Think it's too late? The world's greatest fund manager didn't make money until he was 52
Jim Simons had modest wealth at 52; now he's worth $23 billion
Financial markets -- and risk taking in general -- are largely the domain of the young. Early adulthood is the time to swing for the fences while middle age is a time for prudence, perhaps risking a manageable part of the nest egg.
Yet that's not always true. It's particularly untrue of some of the world's greatest investors.
Among them is Jim Simons, the king of quants. Yesterday Gregory Zuckerman published "The Man Who Solved the Market: How Jim Simons Launched the Quant Revolution."
It details how a 40-year old math professor walked away from a job at Stony Brook University to try trading currencies. He had no idea what he was doing but raised $4 million with a few partners. He recruited renowned mathematicians to help him. It didn't work and losses topped $1 million.

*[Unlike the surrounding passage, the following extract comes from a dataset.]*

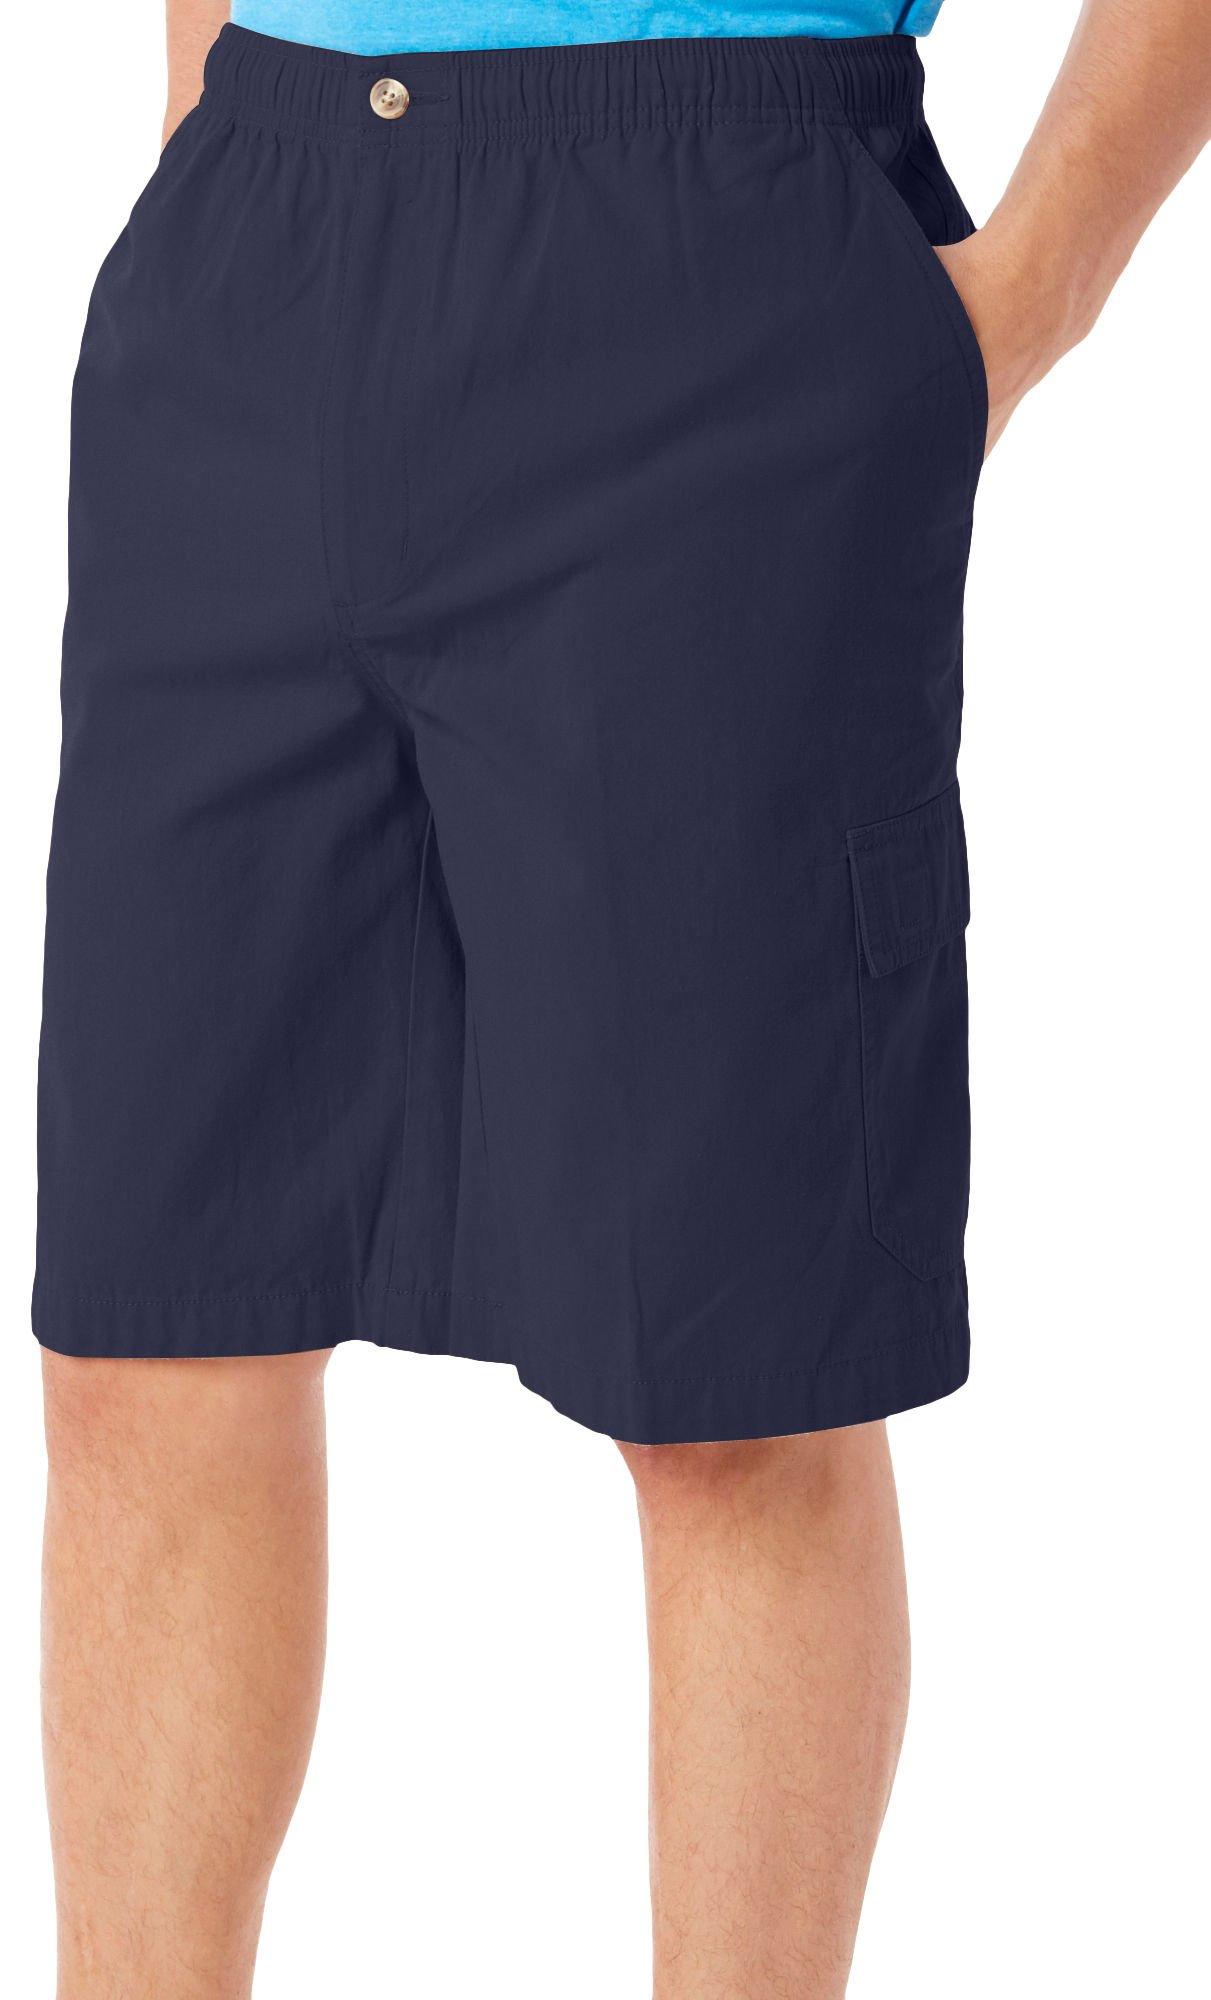 Windham Pointe Mens Elastic Waist Cargo Shorts X-Large Peacoat Navy Blue

"If you make money, you feel like a genius," he told a friend. "If you lose, you're a dope."
He gathered more data and persevered through the 1980s with a mixed record. In 1989 he lost 4%.

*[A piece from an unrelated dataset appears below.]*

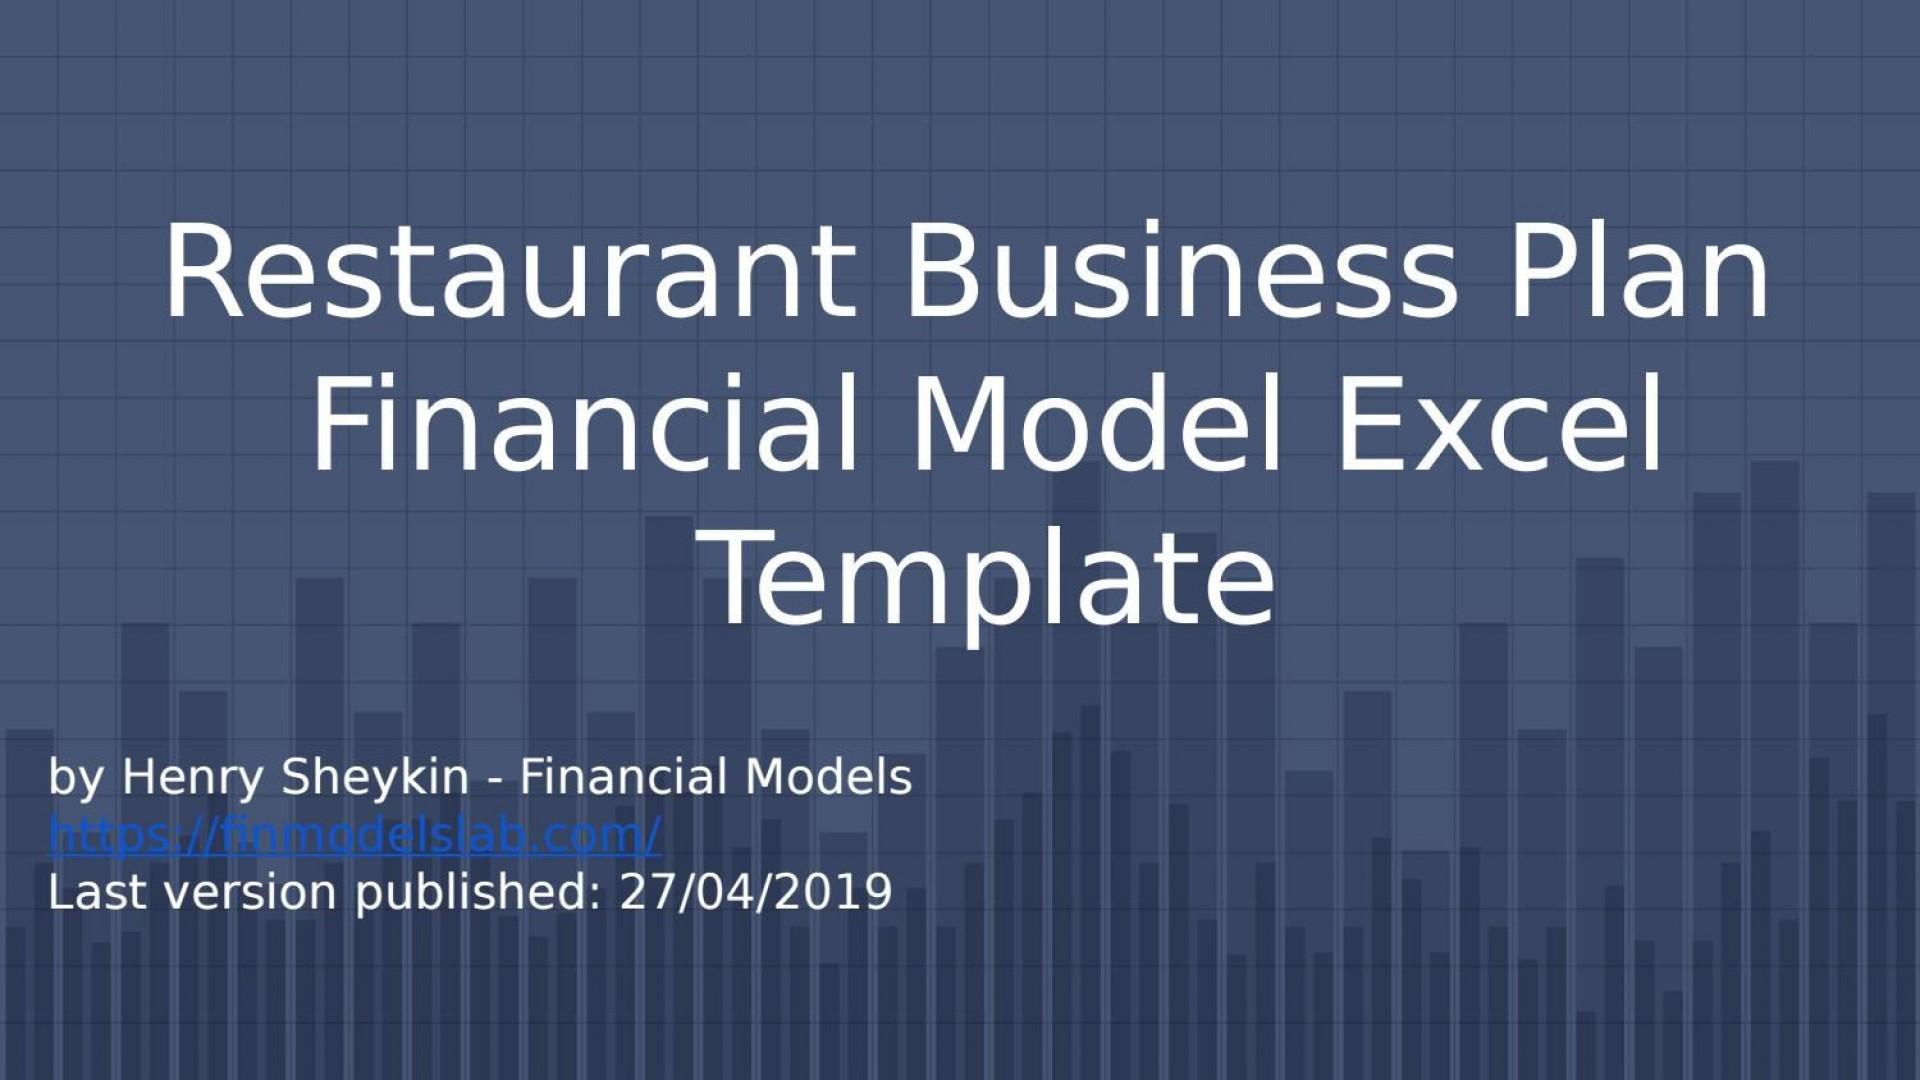 006 Fantastic Restaurant Busines Plan Template Excel Photo  Free1920

Finally, Simons along with recently recruited colleagues Henry Laufer and Elwyn Berlekamp, started to focus on short-term patterns -- Monday's price action often followed Friday's, while Tuesday saw reversions to earlier trends.
It worked and the Medallion fund gained 55.9% in 1990. It hasn't stopped. His fund as generated average returns of 66%, racking up gains of $100 billion. No other fund or manager is even close. A $10,000 investment 30 years ago excluding fees would be worth $40 billion today. Even after fees, it would be worth $195 million.
How the fund makes money is one of the world's most-closely guarded secrets but it's story isn't. Simonds certainly had mathematical talents but he know almost nothing about markets when he started out at age 40 and managed to amass one of the world's great fortunes.